Я вернусь на рассвете - Царукаев Владимир Ибрагимович 2 стр.


Но пальба прекратилась так же внезапно, как и началась. И уже до рассвета было тихо.

Мать и Шаухал не спали. На сердце у обоих было тревожно. Что могла означать эта перестрелка?

«Хорошо бы пройти по улице и узнать, что случилось, — думал Шаухал. — Ведь на самом же деле кто-то стрелял рядом! Но кто? Немцы? Может быть, пленных вели мимо дома? Нет. Шоссе от дома далеко. А может быть, это просто так показалось, что стреляют близко? А на самом деле стреляли где-нибудь на краю села. Ночью тихо, и звуки слышнее…»
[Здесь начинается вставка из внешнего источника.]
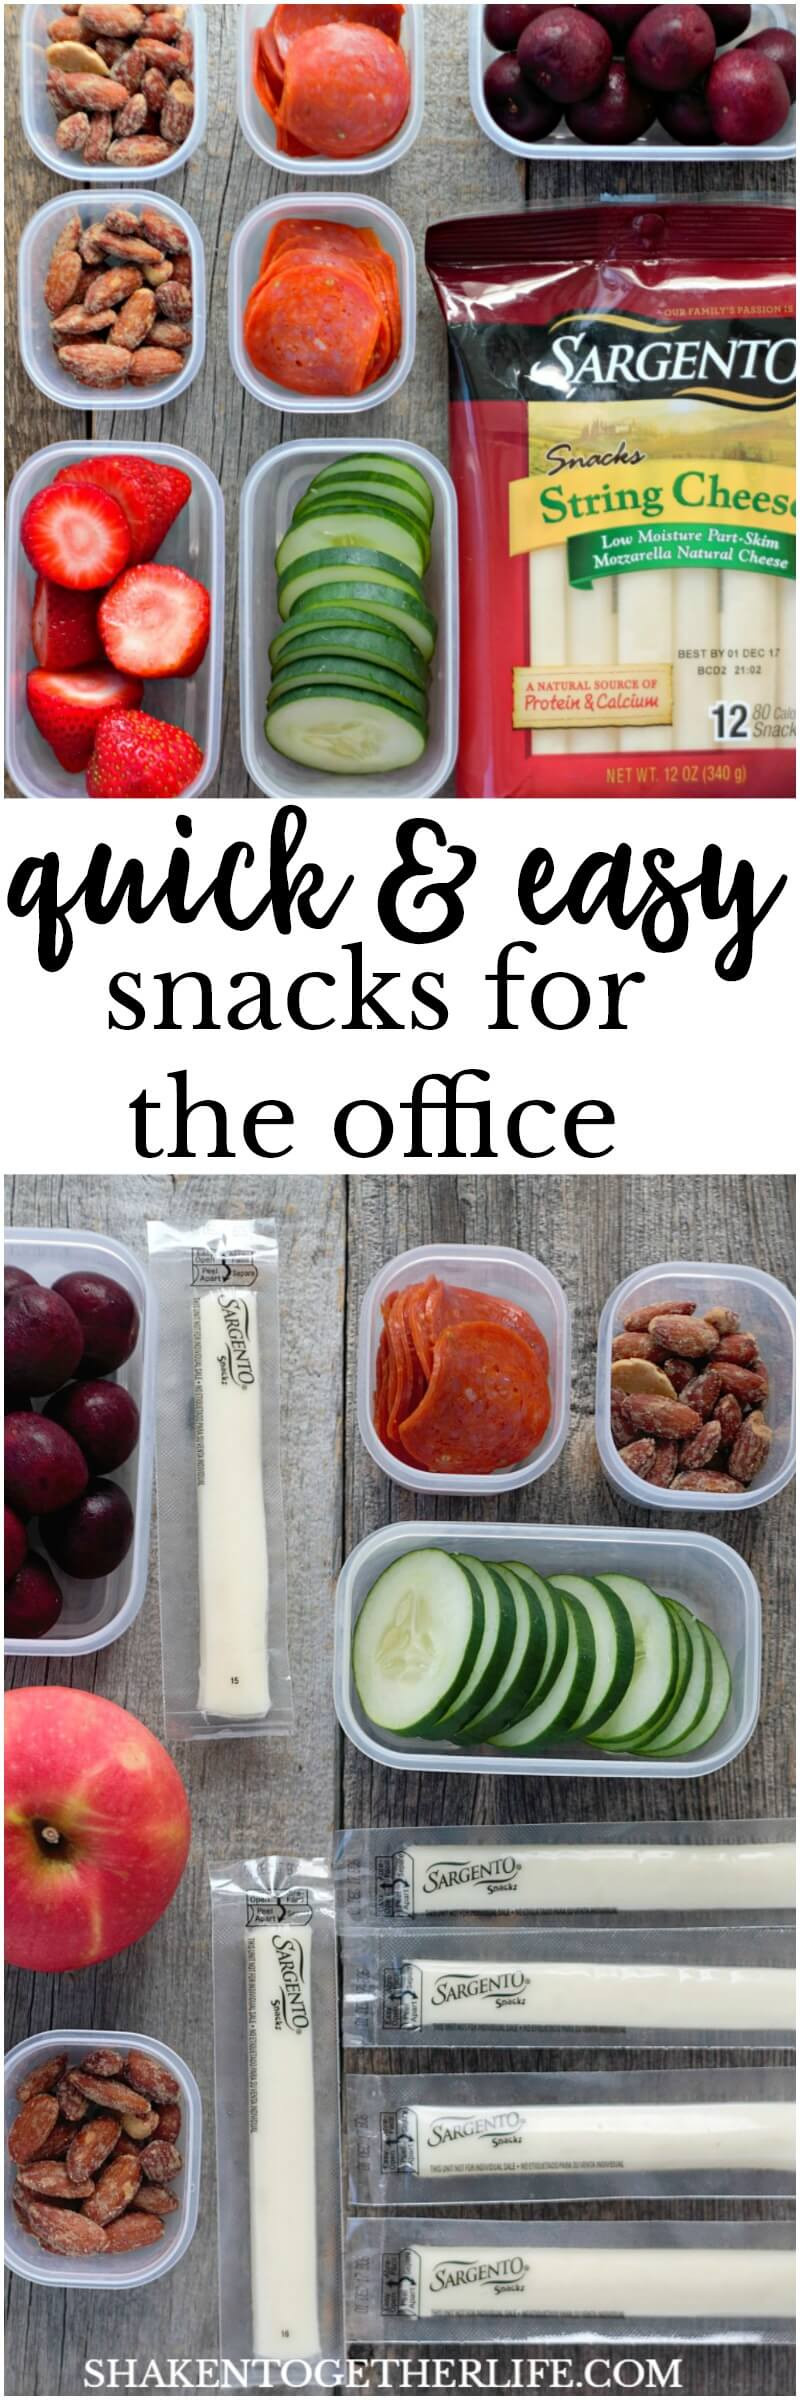 Quick Healthy Snacks
 Quick & Easy Snacks for the fice

С рассветом стало спокойнее на душе. Скоро опять придёт тётя Рацца. Шаухал уже не думал о ночной суматохе. Мать задремала, и он тихо вышел из комнаты и вскарабкался на сеновал, чтобы положить сухого сена в арчиты. Шаухал уже начал снимать их с ног, как вдруг увидел в тёмном углу человека.

В глазах у Шаухала потемнело. Он не мог шелохнуться от испуга. Не мигая, глядел на небритого мужчину, а тот тоже не сводил с него глаз. Около незнакомца — автомат и полевая сумка.

— Шау!..

Он говорит по-осетински, и ему известно имя Шаухала! Кто же это? В темноте трудно разглядеть лицо.

— Не бойся, Шау! Я — Алы?кка…

Худое, бледное лицо человека обросло чёрной бородой. Глаза светились. Губы вот-вот расширятся в улыбке.

— Шау! Не бойся же. Я — Алыкка. Как здоровье Дзыцца? Ей лучше?

«Ах, вот это кто! — наконец-то понял Шаухал, приходя в себя. — Оказывается, это наш Алыкка, с того берега реки!»

Алыкка ушёл в лес перед приходом немцев. Уходил вместе с Хаммирзой. Но Хаммирза на следующий же день продался немцам. А Алыкка до сих пор не появлялся в селе.

— Вы тоже вернулись? — выпалил Шаухал.

— Да… Только потише говори. Кругом немцы.

Шаухал подполз к Алыкке и сел рядом с ним.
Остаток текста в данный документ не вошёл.